Сашка тем временем ткнул Кольку в бок:
— Слыхал? Все как командир говорил — скоро он лейтенантом станет, Петро — сержантом, а значит нам надо сделать так, чтобы я стал ефрейтором.
— А че это ты ефрейтором? — возмутился Колька. — Нет уж, я лучше сам на ефрейтора навоюю.
— Да какой тебе ефр… — возмутился в свою очередь Сашка, но я перебил.
— Тс!
— Красноармеец Вакуленко, выйти из строя!
Боец вышел из рядов первого взвода и получил благодарность перед строем и представление к медали. За ним ротный наградил благодарностью еще восемь человек, повысил ефрейтора из второго взвода до сержанта, отдельно поблагодарил политрука Мальцева и распустил строй.
— А почему тебе ниче не дали, командир? — подколол Владимир. — Я думал тебе всегда положено.
— Сидорин! — раздался сзади голос старлея.
Ухмыльнувшись, я подмигнул усатому и пошел на зов:
— Здравия желаю, товарищ лейтенант.
— Тебя Рудько в штаб дивизии вызывает. Телега — в десять.
Желудок сжался, сердце пропустило удар, по спине побежали мурашки. Особист — это плохо в любом случае, потому что если на тебя кто-то завел папочку, папочка уже никуда не денется.
— Так точно, — уныло козырнул я. — Спасибо, товарищ лейтенант.

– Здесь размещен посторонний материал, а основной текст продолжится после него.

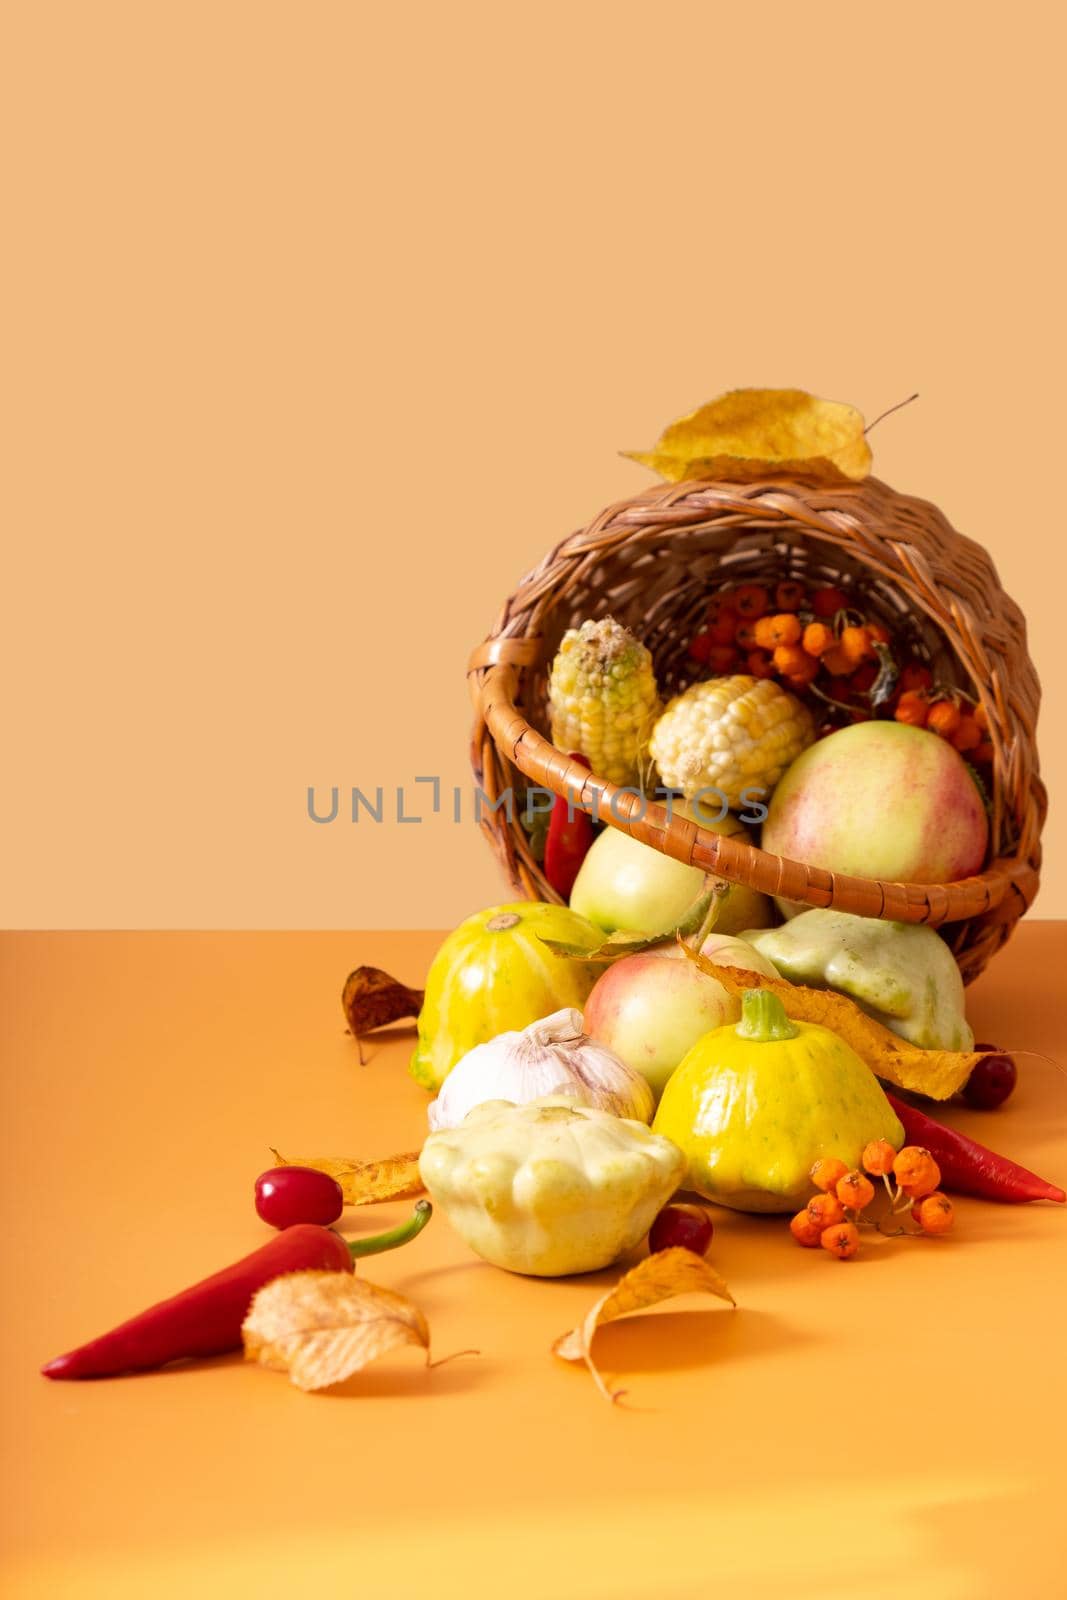 Autumn harvest basket with corn, apples, zucchini and peppers. Still life composition by ssvimaliss

— Да ладно тебе, — вполне человечно улыбнулся он. — Я про тебя писал кое-что туда, — он указал на небо.
Комбату писал то есть.
— Преступлений и нарушений за тобой нет, прямо из детдома в армию, негде просто. Ну контузило, ну забыл, ну и что? Вон какое отделение у тебя героическое, на самое острие ставить можно и быть спокойным — любую задачу выполните.
В самом деле, чего я переживаю? Меня че, в яму посадят и пытать будут? Зачем? Уверен — просто в папочку нужна еще одна страница для отчетности.
— Спасибо, товарищ лейтенант, — улыбнулся я в ответ.
— Свободен, — махнув рукой, он направился к штабной землянке.
Ну а я — к бойцам, сходу подколов Калюжного:
— Поздравляю с повышением, товарищ мичман.
Мужики заржали.
— Та шо с вас, пехтуры взять, — гордо отмахнулся он, и мы со смехом пошли домой, в землянку.
Повозка была почти пуста. Возница — незнакомый мужичок лет пятидесяти, с бородой, в гражданском полупальто. Как-то словно само собой получилась так, что Калюжный поехал со мной — сел на доски, прислонившись спиной к мешку.
— Поехали? — спросил возница.
— Поехали.
Я залез, сел рядом с Калюжным. Возница цокнул лошади. Поехали.
Километров двенадцать до дивизионного штаба. Ехали по дороге, через рощу акаций, потом через поле. Утро холодное, не ветер — просто холодно. Я застегнул шинель.
— Васько, — сказал Калюжный.
— М?
— Ты не дергайся.
— А я не дергаюсь.
— Дергаешься. Я вижу.
— Да? — удивился я.
Я подумал. Действительно — пальцы на коленях постукивают. Ну-ка цыц — старлей и Петро дело говорят, дергаться не надо.
— Просто неприятно как-то, — смог выразить я.
— Та оно понятно. Кому ж приятно к особисту ехать? Особенно когда не за чем-то конкретным, а так — просто посмотреть.
— Откуда знаешь, что просто посмотреть?
— А если б за конкретным — тебя бы под конвоем, а не на телеге с дедом.
— Ну-ну! Ишь, деда нашел! — обиделся возница. — Ты ж мне в сыновья не годишься даж — староват.
— Та я ж по-доброму, — ответил Калюжный.
— Так и я не со злом, — хмыкнул «не дед».
— Память тебе отшибло, — переключился на меня Петро. — Какой спрос?
Уже, наверное, весь батальон, а то и выше знают о моей «контузии». Знают, в меру сил сочувствуют, но подвоха никто не ждет — репутация.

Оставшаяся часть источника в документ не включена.